Victor Borge, the renowned pianist, once told a friend that he could tell time by his piano. The friend wasn’t convinced, so Borge proceeded to prove his point. He immediately began playing a resounding march. In only moments there was a noisy banging on the wall, and a loud voice in the next apartment screamed, “Stop that noise! Don’t you know it is 1:30 in the morning?”
Borge had his way of telling time by playing his piano, but he can’t stop time. Only God can do that. Time is like a rapidly flowing river in that once your craft is launched, there is no turning back and no stopping it. The craft of life in which we are riding is carried faster and faster through the turbulence of white water rapids. We would like to slow things down for a little while. But we can’t.
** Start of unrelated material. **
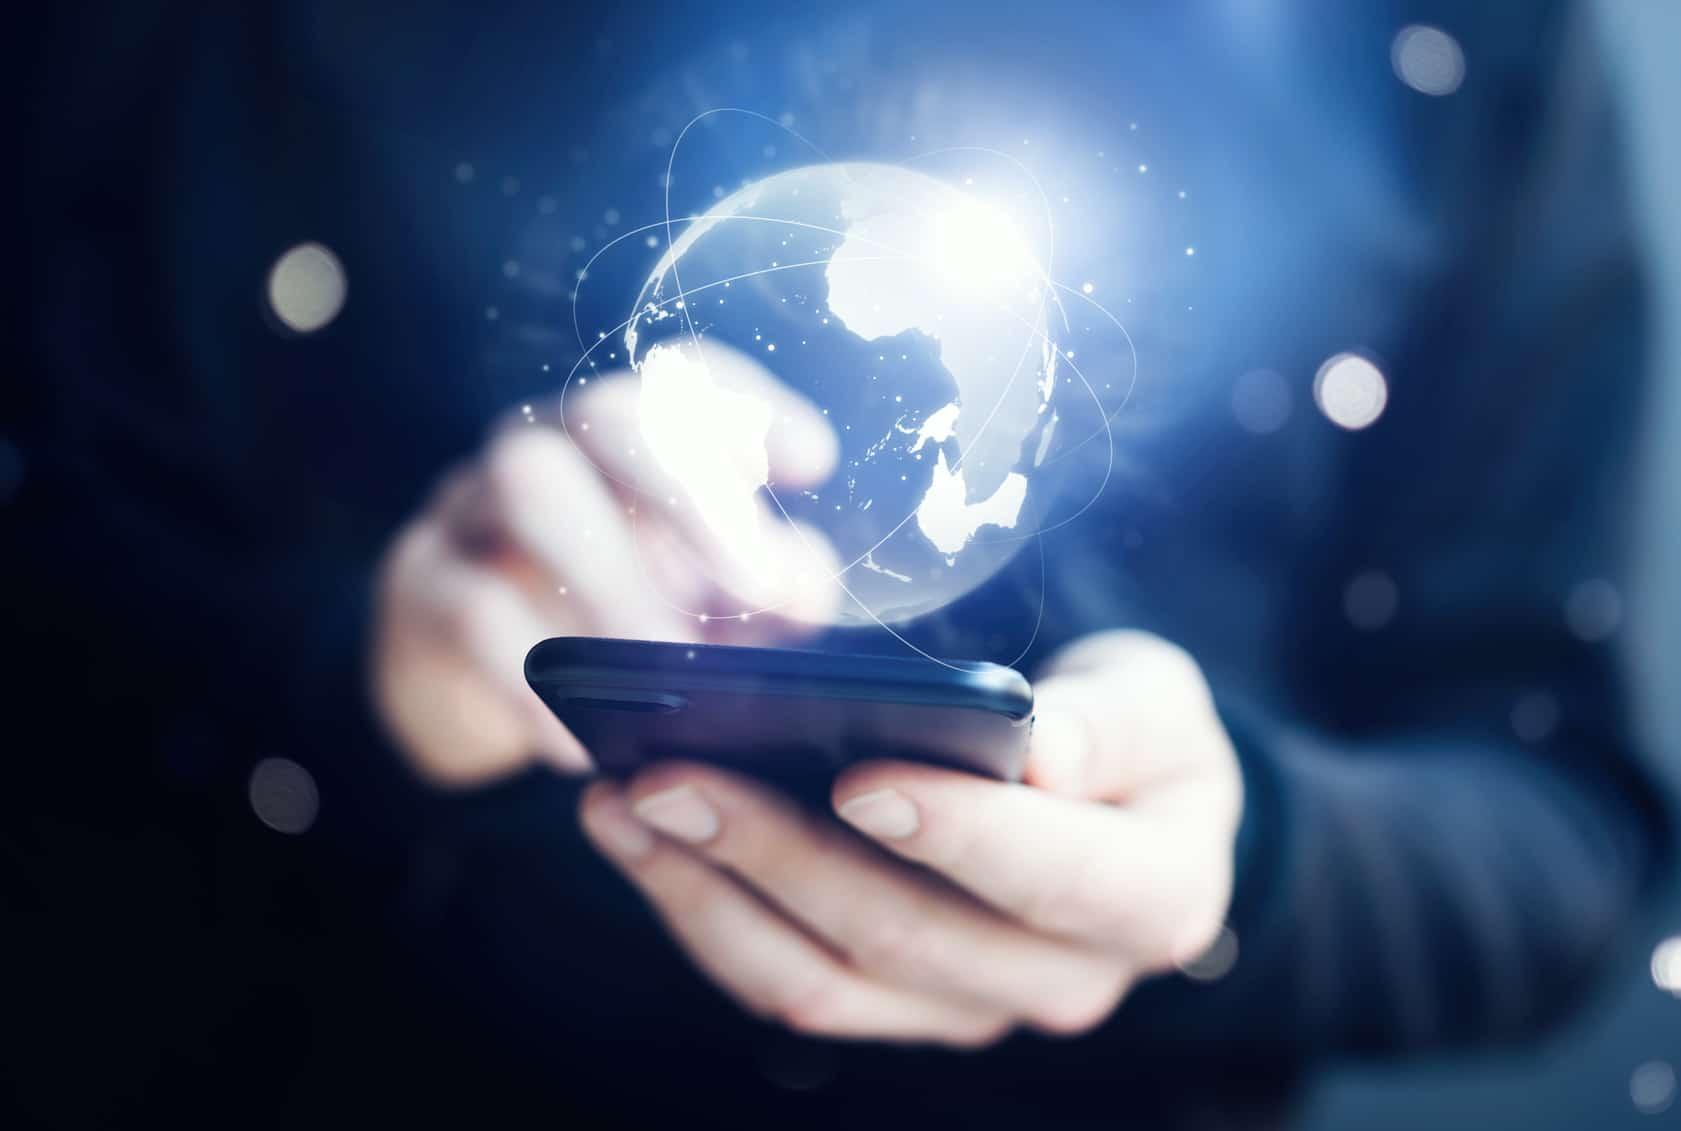 la compañía Altán Redes, dio a conocer el nuevo proyecto que pretende ofertar servicios de banda ancha donde hoy no existen, al tiempo de disminuir los precios en el mercado.

The entity called time is in some ways a strange thing. We do not realize how important it is until we have so little of it left. Scientists, philosophers, and theologians strive to understand it, yet even as they are pondering it, they are controlled by it. Like money, once time is spent, it is gone forever.
What would you do if you received a letter from your bank saying, “Every morning $1,440 will be deposited in your account, and that each evening whatever balance you have failed to use will be deleted”? You would, of course, spend it all – every penny of it, before the bank closed each day. Actually each of us has such a bank. It is called the bank of TIME.
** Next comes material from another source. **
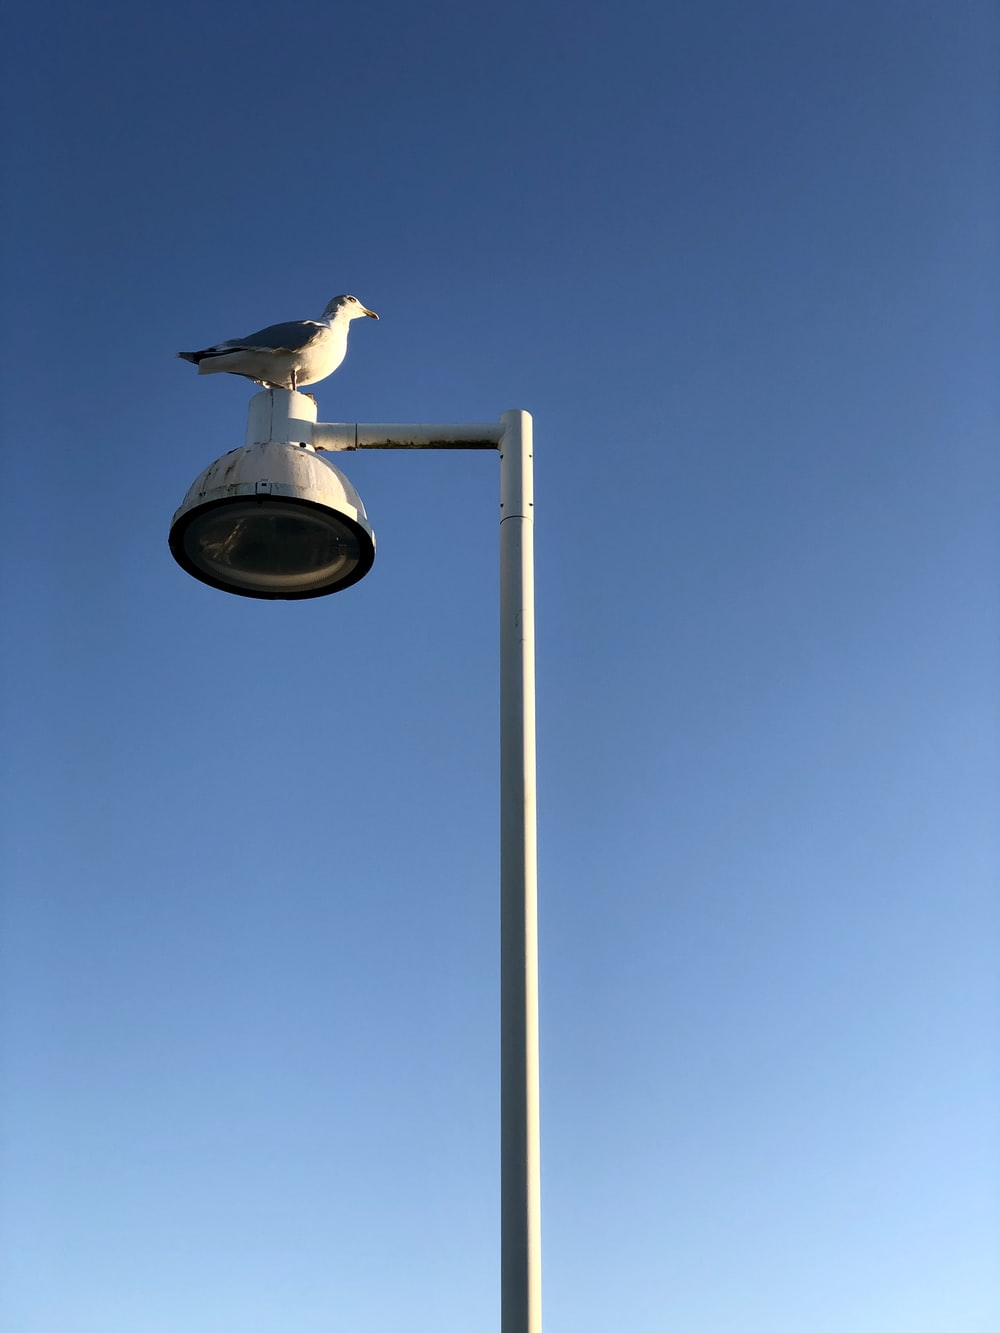 white bird on gray street light during daytime

God deposits each day 1,440 minutes into your account. When the day is over those minutes will be gone, never to return again. It would be great if they could, but that will not happen. Each day thereafter is opened with a fresh account of 1,440 possible minutes. At the end of the day they will have vanished into thin air. The minutes you have used wisely will continue to bless you and possibly others. The minutes you failed to use wisely will represent a needless loss. To use tomorrow’s minutes is impossible. Your clock is running.
- To realize the value of ONE YEAR, ask a student who failed a grade in school.
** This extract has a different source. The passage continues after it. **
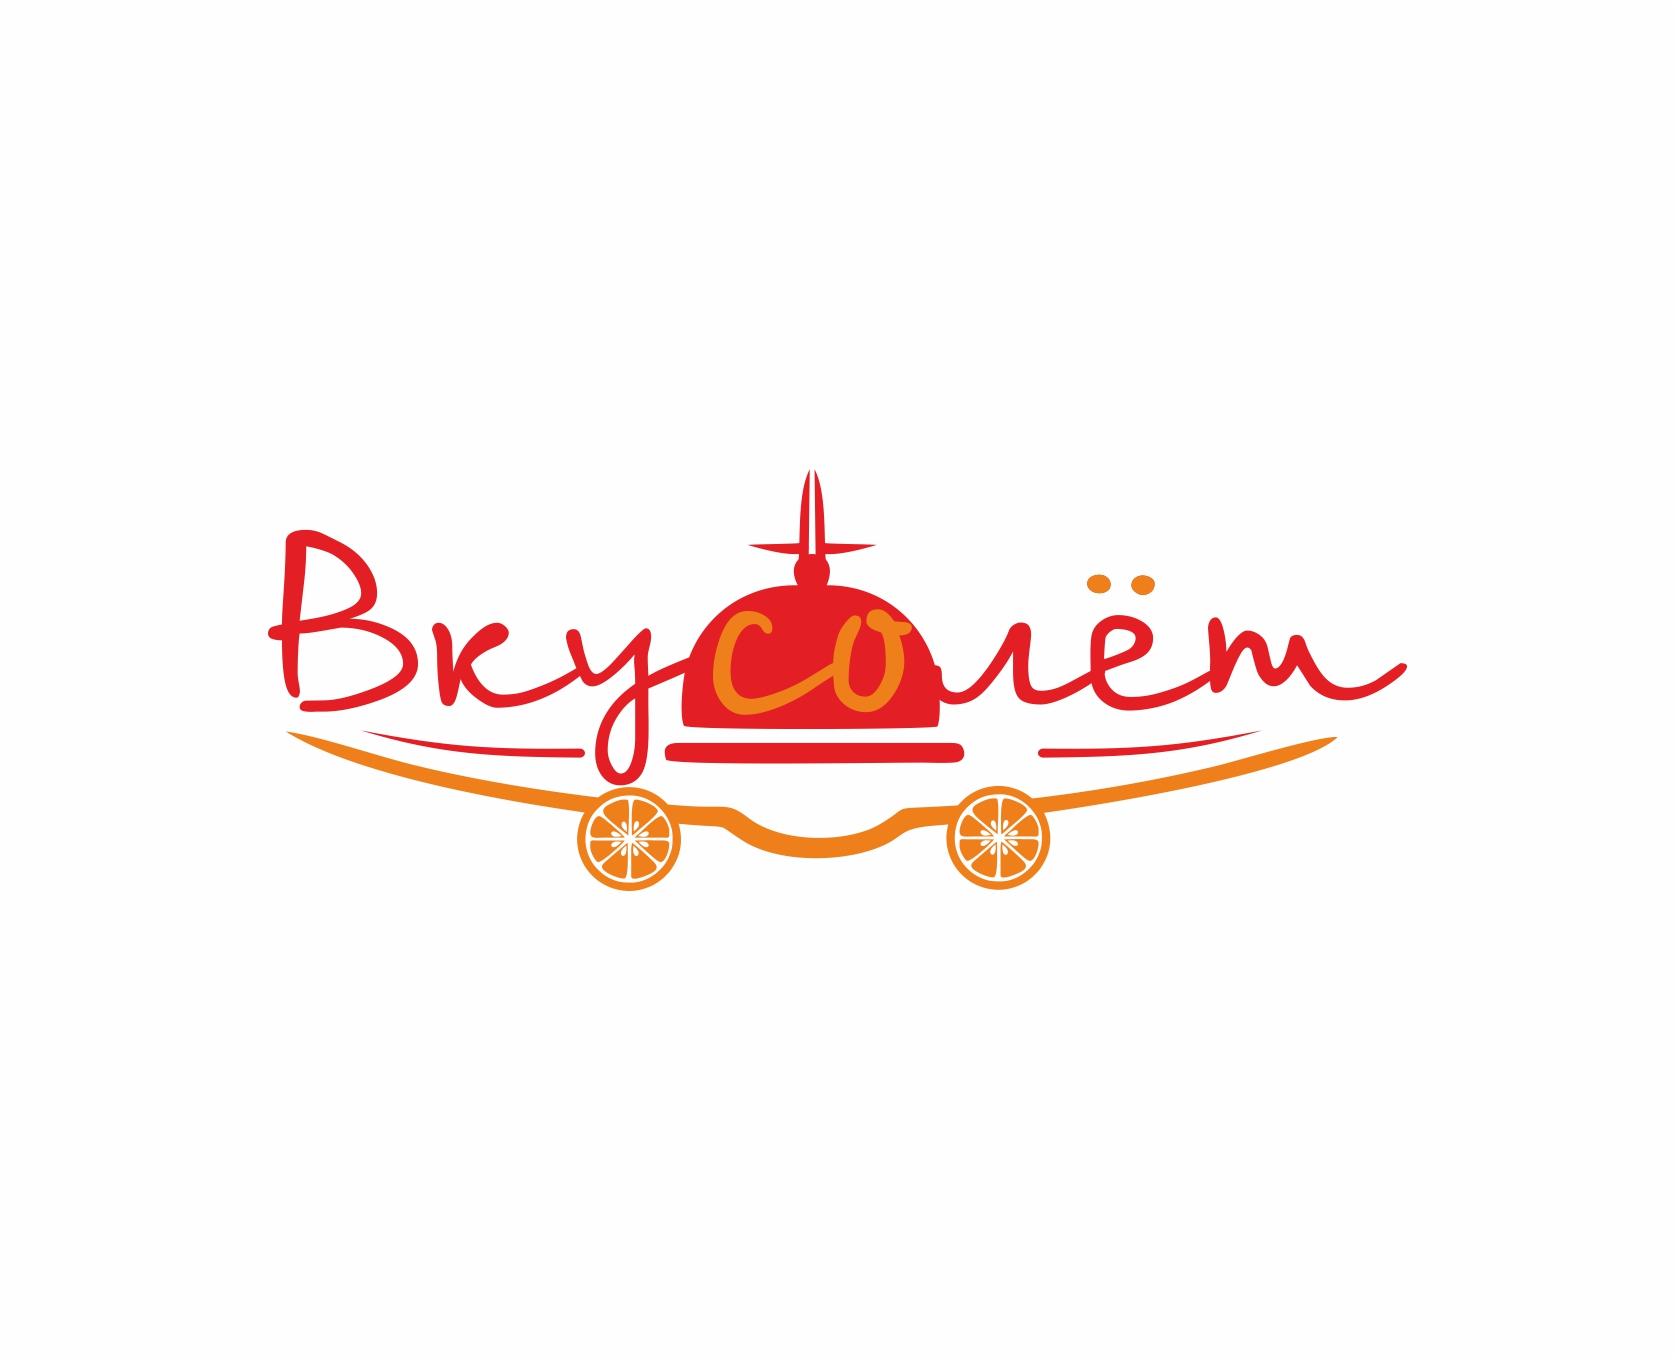 Логотип для доставки еды фото f_60259d45b940ca65.jpg

- To realize the value of ONE MONTH, ask a mother whose baby died four weeks after being born.
- To realize the value of ONE HOUR, ask the wife who is waiting for her husband to arrive from Iraq after a long deployment when she has just learned his plane is running an hour late.
- To realize the value of ONE MINUTE, ask the person who just missed his flight.
- To realize the value of ONE SECOND ask the basketball player whose team lost the championship because the shot he made came one second late.
- To realize the value of ONE MILLISECOND, ask the person who won the silver medal in the Olympics.
There is no better time to focus on the value of time and the most productive way to use it than at the beginning of each New Year. Let us all treasure every minute of every hour that we are given, for it is a precious gift from God. It is the surest way that you and I will be able to both glorify God and bless others.
Why is this true? Hours and flowers soon fade away.